The Democratization of Medical Diagnosis and Discovery
An anonymous reader writes: As wearable fitness devices become popular, we're seeing the beginning of a change in how untrained people can monitor their own health. On top of that, we also have access now to powerful data-sharing tools — if a patient has the means and the interest to look at the data from a doctor's medical scans, she can. A post at the NY Times argues this is leading to the democratization of medical discovery. Physicians and researchers are now saying, "Better-informed patients ... are more likely to take better care of themselves, comply with prescription drug regimens and even detect early-warning signals of illness." These tools also allow easier aggregation of data from large groups of patients (hopefully anonymized), which can provide more accurate assessments of the typical course of disease than current methods, which often rely on interpretations of interpretations.
It also leads to rampant, self-diagnosing webochondria. I will admit, I am an offender in this respect.
I'm not saying the data shouldn't be available, just that most people won't be able to use it properly.
I'm hoping for the Uberization of health care. There is no excuse for keeping medical information from the patient himself under the guise of "privacy," especially when governments get free and full access to the same data. Yes, a lot of people are faddish about health, but this is just as big a problem under today's locked-down system, and I resent having my right to self-discovery and choice of treatment limited because a minority of the gullible are following quack ideologies. In fact, believers in "supplements" and other nostra enjoy protected status under current law, while patients are rigidly prevented from getting open-market access to real medicine.
What our medical system really fears is not Obamacare, but the free market. To hospitals, doctors and pharma companies, socialism is just another set of rules they can game to keep their prices two orders of magnitude above the market.
Wait until people start figuring out just how much "better-informed" the doctors and medical researchers are. It may first require dropping of the journal paywalls as well, but it is only a matter of time before first engineers and physicists from other fields take a close look at what has been passing for scientific method. Then there will be the authoritative voice to get others to take a closer look, etc. It will be epic when it finally happens.

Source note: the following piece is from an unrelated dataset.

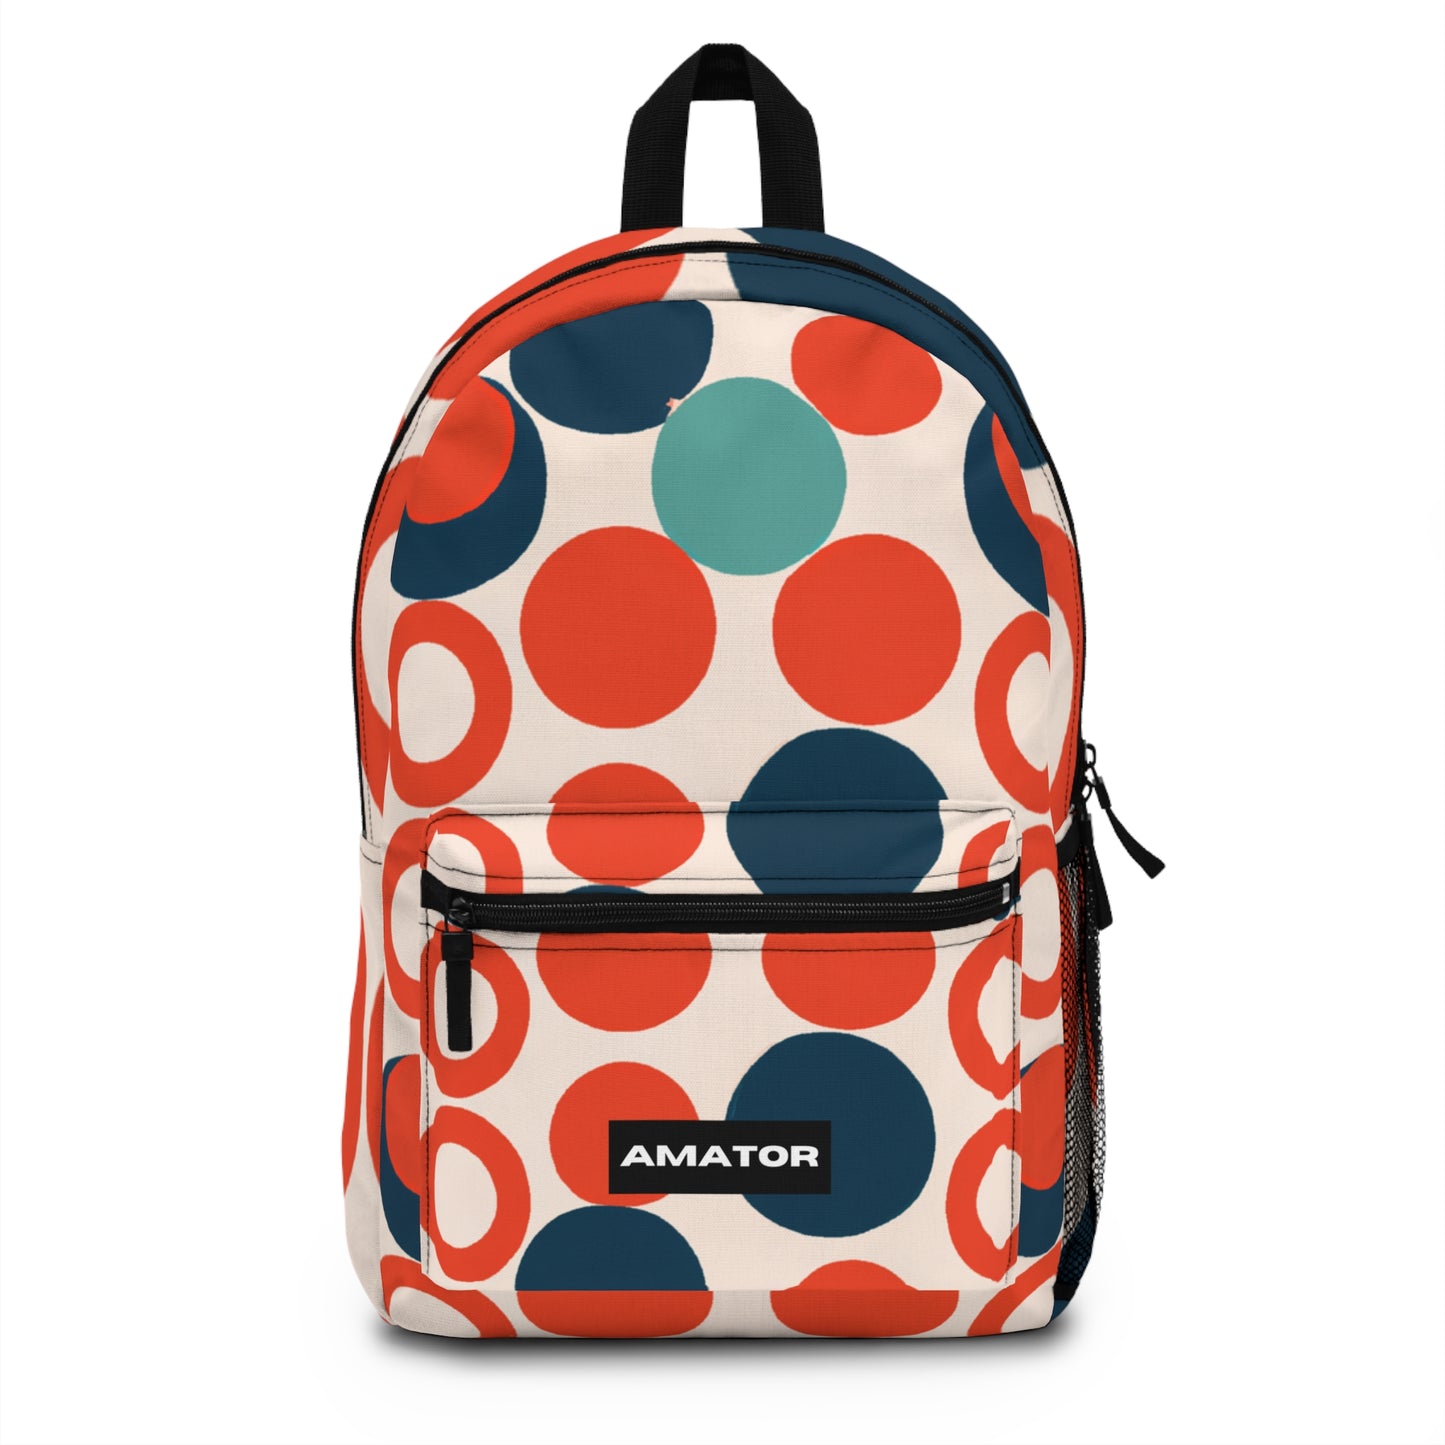 Claudia Giotto. Backpack

Oh, everybody knows this. Medical research is a poor, psychotic cousin to 'real' science. It's going to be that way for quite some time. Hard to grow a bunch of humans with a gene deletion, wait until they're old, euthanize them and then slice them up for analysis. Even if you did that with lawyers and politicians, you'd have to wait an awful long time to get any results.
On top of the rather, ah, interesting history of how medicine became forefront in Western society (it makes Alice in Wonderland seem perfectly sane), human hubris, the medical - industrial complex and the plain old fact that biology is hard and you have modern medicine scrabbling for acorns under the tree, finding them occasionally but mostly eating rocks and twigs.
There won't be any 'authoritative' voices telling us how to do things because we know what we need to do. Be very, very patient. Invest lots more in basic research at all levels and continue to be patient. We're much more likely to fully fund NASA than that.
Faster! Faster! Faster would be better!
All knowledge of any kind, leads certain types of people to believe they know more than they do.
"I watched every episode of LA Law, and I'm telling you, they are going to have to acquit that guy. Fruit of the poison tree! Fruit of the poison tree!"
"I've watched lots of porn so I know how to please a woman."
"I installed Wordpress, and now I know how to store things in a database. You just update_post_meta()! OMG, you're still using fields?! Loser."